Слова эти ремесленник выпалил точно из пушки, и толпа перестала смеяться. Кто побежал за водой, кто бросился к лекарю Юделю. Портного взяли под руки, отвели домой и уложили в постель. Вскоре прибежал лекарь Юдл со всеми своими причиндалами и стал спасать портного: поставил ему банки и пиявки, вскрыл жилу, пустил кровь...
– Чем больше крови ему выпустить, тем лучше, - сказал Юдл, - потому что все болезни, не про нас будь сказано, идут от нутра, таятся в крови...
Так лекарь Юдл объяснил тайны "медицинской премудрости" и обещал к вечеру зайти еще раз.
А Ципе-Бейле-Рейза, взглянув на своего мужа и увидев, как лежит он, бедняга, на разбитом топчане, укрытый тряпьем, закатив глаза, с запекшимися губами и бормочет в бреду что-то несуразное, заломила руки, стала биться головой о стену, рыдать, вопить, как по покойнику.
– Горе мне, беда и несчастье, гром меня разрази! И на кого ты меня покидаешь с малыми детками?!
А детишки, голые и босые, сбились в кучу возле горемычной матери и вторили ей. Старшие плакала потихоньку, пряча и глотая слезы; младшие, не понимая, что происходит, плакали навзрыд, и чем дальше, тем громче.
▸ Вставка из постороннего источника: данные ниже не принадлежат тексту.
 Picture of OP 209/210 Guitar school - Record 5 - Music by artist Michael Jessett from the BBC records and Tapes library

И даже самый маленький, мальчик лет трех, с изможденным желтым личиком и вздутым животом, приковылял на своих кривых ножках к матери, ручонками обхватил голову и закричал: "Мама, ку-у-у-шать!.."
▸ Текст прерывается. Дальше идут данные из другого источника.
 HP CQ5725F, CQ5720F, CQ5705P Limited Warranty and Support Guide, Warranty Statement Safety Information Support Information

Все это сливалось в многоголосый хор, и присутствовать при этом постороннему было невыносимо. Всякий, кто ни входил к портному в дом, выбегал оттуда расстроенный, с обливающимся кровью сердцем и, когда опрашивали: "Как там Шимен-Эле?" - только махал рукой: "Что уж, мол, говорить о Шимен-Эле!"
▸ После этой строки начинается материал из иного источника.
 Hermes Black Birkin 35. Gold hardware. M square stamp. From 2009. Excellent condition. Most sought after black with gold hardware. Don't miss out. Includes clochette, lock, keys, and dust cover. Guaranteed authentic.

Несколько ближайших соседок стояли заплаканные, с покрасневшими носами, смотрели в упор на Ципе-Бейле-Рейзу, немилосердно кривили губы и качали головами, точно желая сказать: "Ох, горе, горе тебе, Ципе-Бейле-Рейза!"
Поразительная вещь! Пятьдесят лет прожил Шимен-Эле в Злодеевке в нищете и лишениях, прозябал, словно червяк во тьме, и никому до него дела не было, и никто не знал, что он за человек. А сейчас, когда он заболел, вдруг обнаружились все его достоинства и качества. Вдруг все заговорили, что Шимен-Эле был замечательный, добрый и чистой души человек, щедрый благотворитель, то есть он урывал сколько можно было у богачей и раздавал беднякам, ссорился из-за них, дрался до крови, делился с ближними последним куском... И еще много чего рассказывали о бедном портном, как рассказывают о покойниках на похоронах... Чуть ли не весь город ходил проведать его, и всеми средствами спасали его, только бы он, упаси бог, не умер преждевременно...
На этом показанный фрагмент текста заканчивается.